While Canterbury has conducted substance abuse support programs annually, Abijah's on the Backside is unique in that it will provide year-round opportunity for workers to receive help even when live racing is not running at Canterbury.
While the program is only a few months underway, Scurto has already heard glowing reviews as word spreads around Canterbury and the city of Shakopee.
“I was concerned that people might not step forward because of the taboo of getting help,” Scurto admitted. “But what I'm hearing is that people are really stepping up. There's no doubt a need, but it's going to be a culture change in the stable areas. Having it right here and accessible is going to be a big step up.”
Now that Canterbury's race meet has concluded, many of the workers who have been undergoing sessions throughout the summer are following the horses on to the next track. Mixon's goal is that in the future, wherever they go next will also have an Abijah's on the Backside where they can continue their sessions.
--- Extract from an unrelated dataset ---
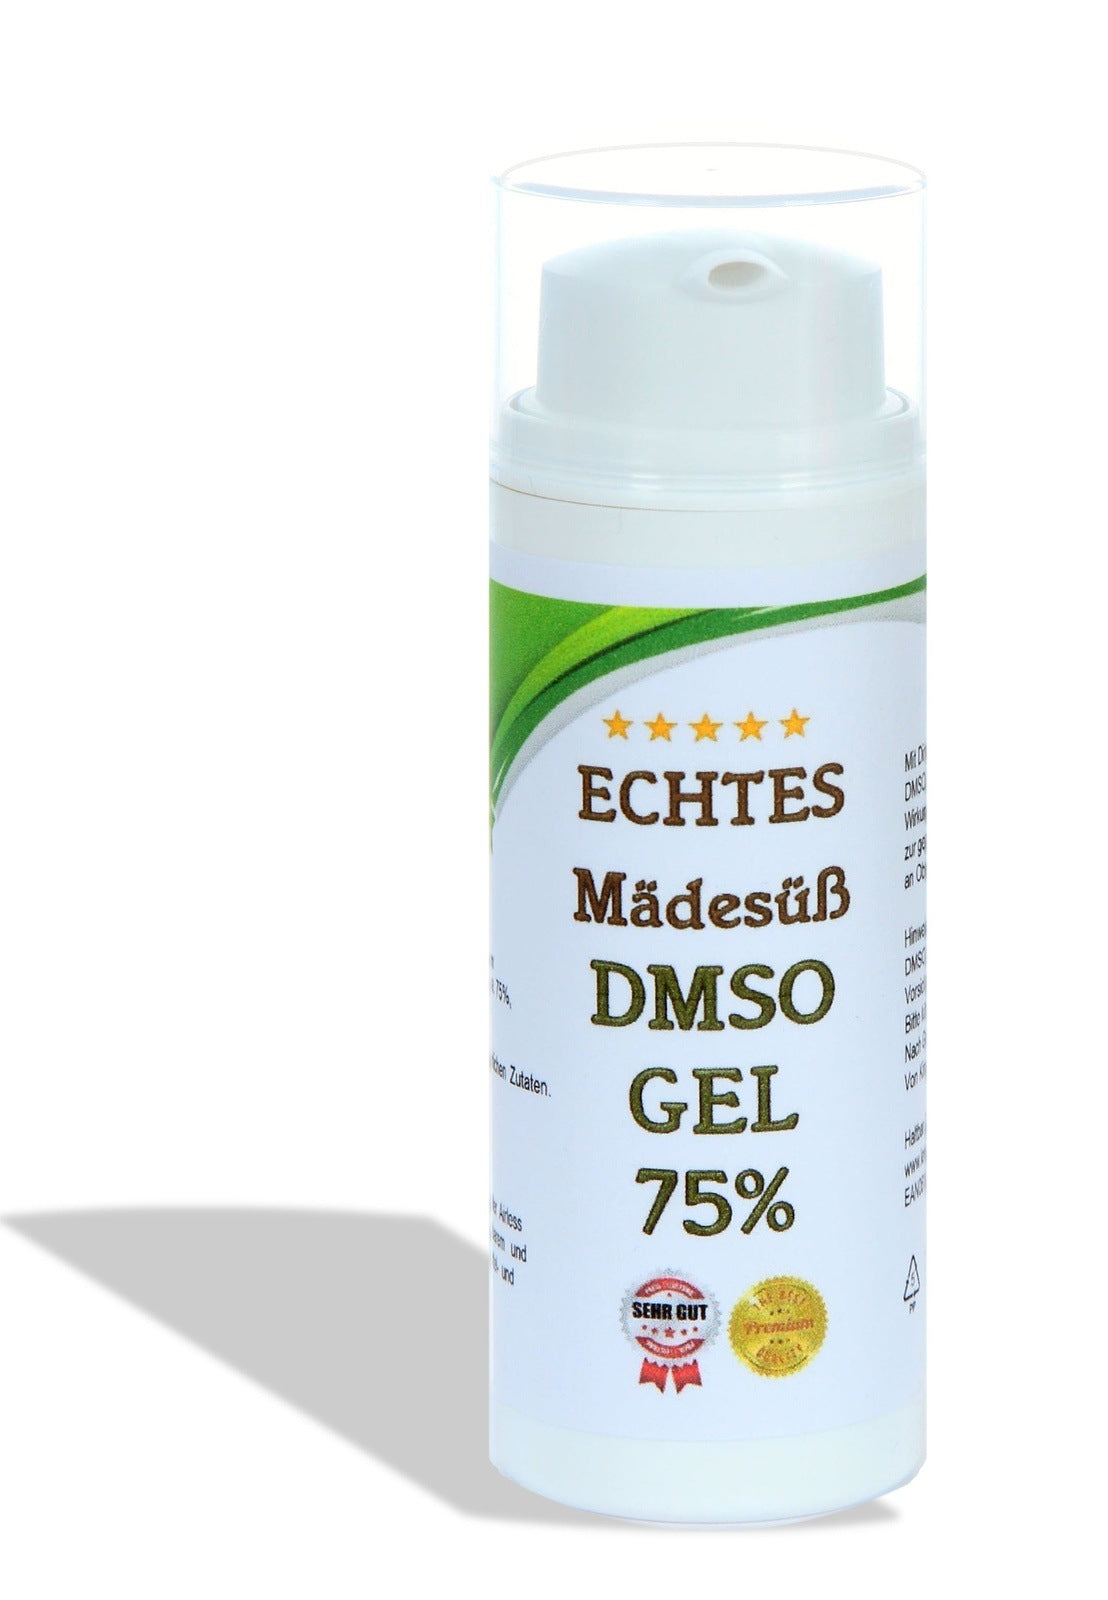 Leivys DMSO Gel - with meadowsweet extract

“The hope is that there will be Abijah's on the Backsides at different tracks across the country,” she said. “So if someone starts sessions and then they're heading to Tampa, for example, I can call up my team there and they can pick up their treatment so that everywhere they go they feel like they have a home, a place to land, at Abijah's.”
Eventually, the plan is for each location to open to the public to help people overcome personal challenges while simultaneously undergoing a life-changing experience through working with Thoroughbreds at a racetrack.
“When racing has done well, it's the best thing in the world,” Mixon said. “Everyone has a shot, and that's a rare opportunity. A lot of the people I've worked with feel like underdogs–like veterans or backside workers. There's this parallel between these people and retiring Thoroughbreds that we don't know what to do with.”
“With this model, these off-track Thoroughbreds become characters in people's story. I've been doing hundreds of sessions and have watched miracles happen. If off-track Thoroughbreds can do this work, why not bring it to the racetracks where they have the barns and they have the set up? How could you hate racing if you can look at what these tracks will be doing?”